5.4.1.Cancro do pulmão

Mundialmente, o cancro do pulmão é a principal causa de morte por cancro. É composto por dois subtipos histológicos, os carcinomas de pulmão de não pequenas células (CPNPC) e os carcinomas de pulmão de pequenas células (CPPC). O CPNPC é o subtipo mais prevalente, dividindo-se em adenocarcinomas, carcinomas de células escamosas ou carcinomas de grandes células, e sendo responsável por 85% dos cancros do pulmão, onde o tabagismo representa uma das principais causas. Salienta-se, no entanto, que a prevalência deste tipo de cancro tem vindo a aumentar em não fumadores. (123–125)

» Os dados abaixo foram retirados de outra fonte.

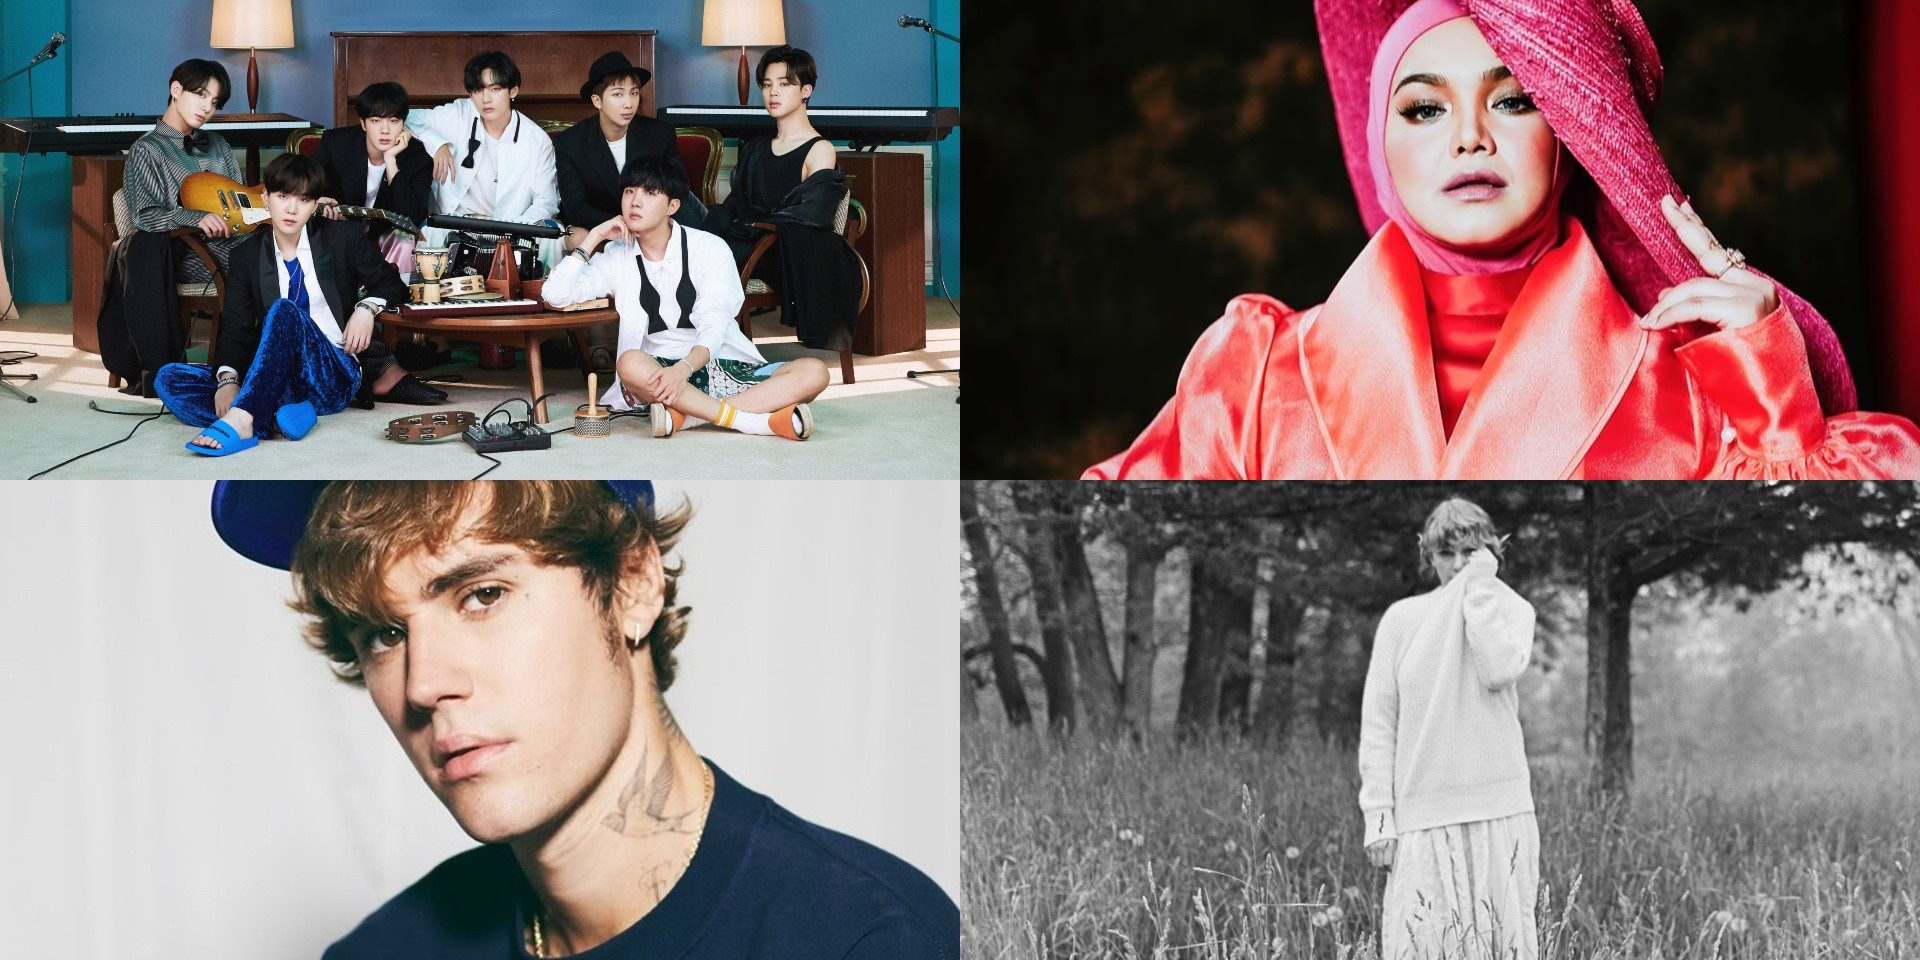 Spotify 2020 Wrapped Malaysia: BTS, Dato' Sri Siti Nurhaliza, Justin Bieber, Taylor Swift, and more emerge as most streamed artists
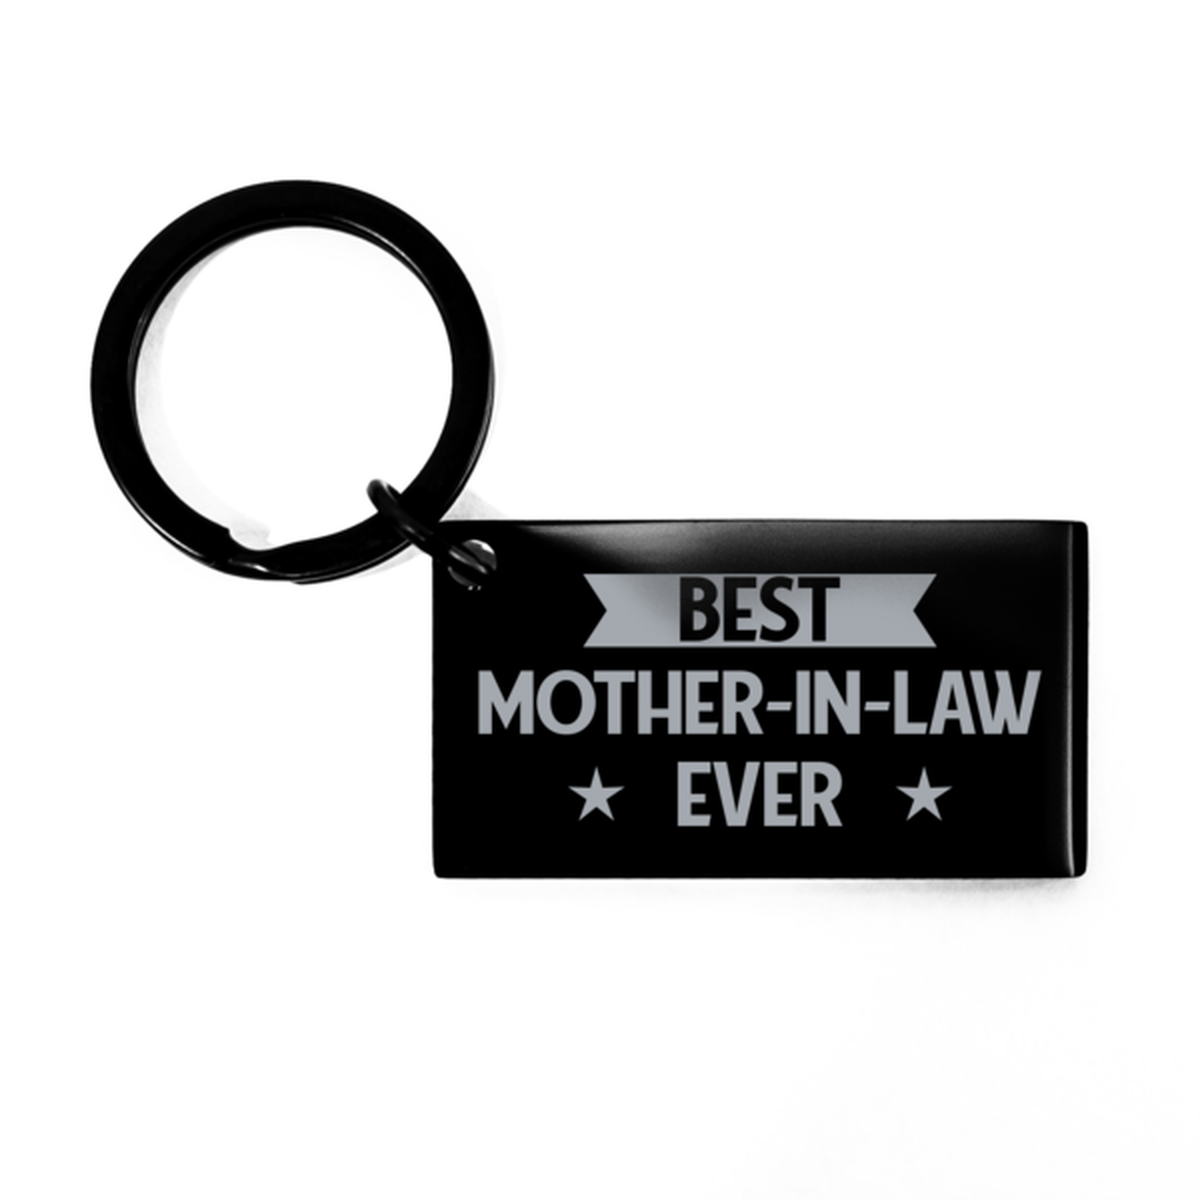 Best Mother-in-law Ever Mother-in-law Gifts, Funny Black Keychain For Mother-in-law, Birthday Engraved Keyring Presents For Women

Os CPNPC podem ser caracterizados a nível molecular por mutações recorrentes que ocorrem em oncogenes, EGFR, BRAF e KRAS (do inglês, Epidermal growth factor receptor, v-Raf murine sarcoma viral oncogene homolog B e Kirsten rat sarcoma viral oncogene homolog, respetivamente), entre outros. O acompanhamento do doente envolve estudos moleculares, quer a nível do diagnóstico, quer do prognóstico, seleção da terapia mais adequada ao doente e deteção de recaídas atempadamente. A gestão do doente com CPNPC pressupõe a correta caracterização dos genes, pois existem terapias dirigidas que apenas estão disponíveis em determinado contexto molecular. Foram desenvolvidos inibidores de tirosina quinase (TKIs), que adiam a progressão da doença. (124,125)

No entanto, durante o tratamento destes doentes, o tumor poderá adquirir mutações de resistência aos efeitos dos fármacos que limitam a eficácia da quimioterapia. Assume-se geralmente que os tumores que são misturas heterogéneas de células sensíveis e resistentes à quimioterapia podem responder inicialmente ao tratamento, mas depois surgem recaídas, com a predominância das células resistentes. Deste modo, é fundamental a análise mutacional dos genes em questão. (121)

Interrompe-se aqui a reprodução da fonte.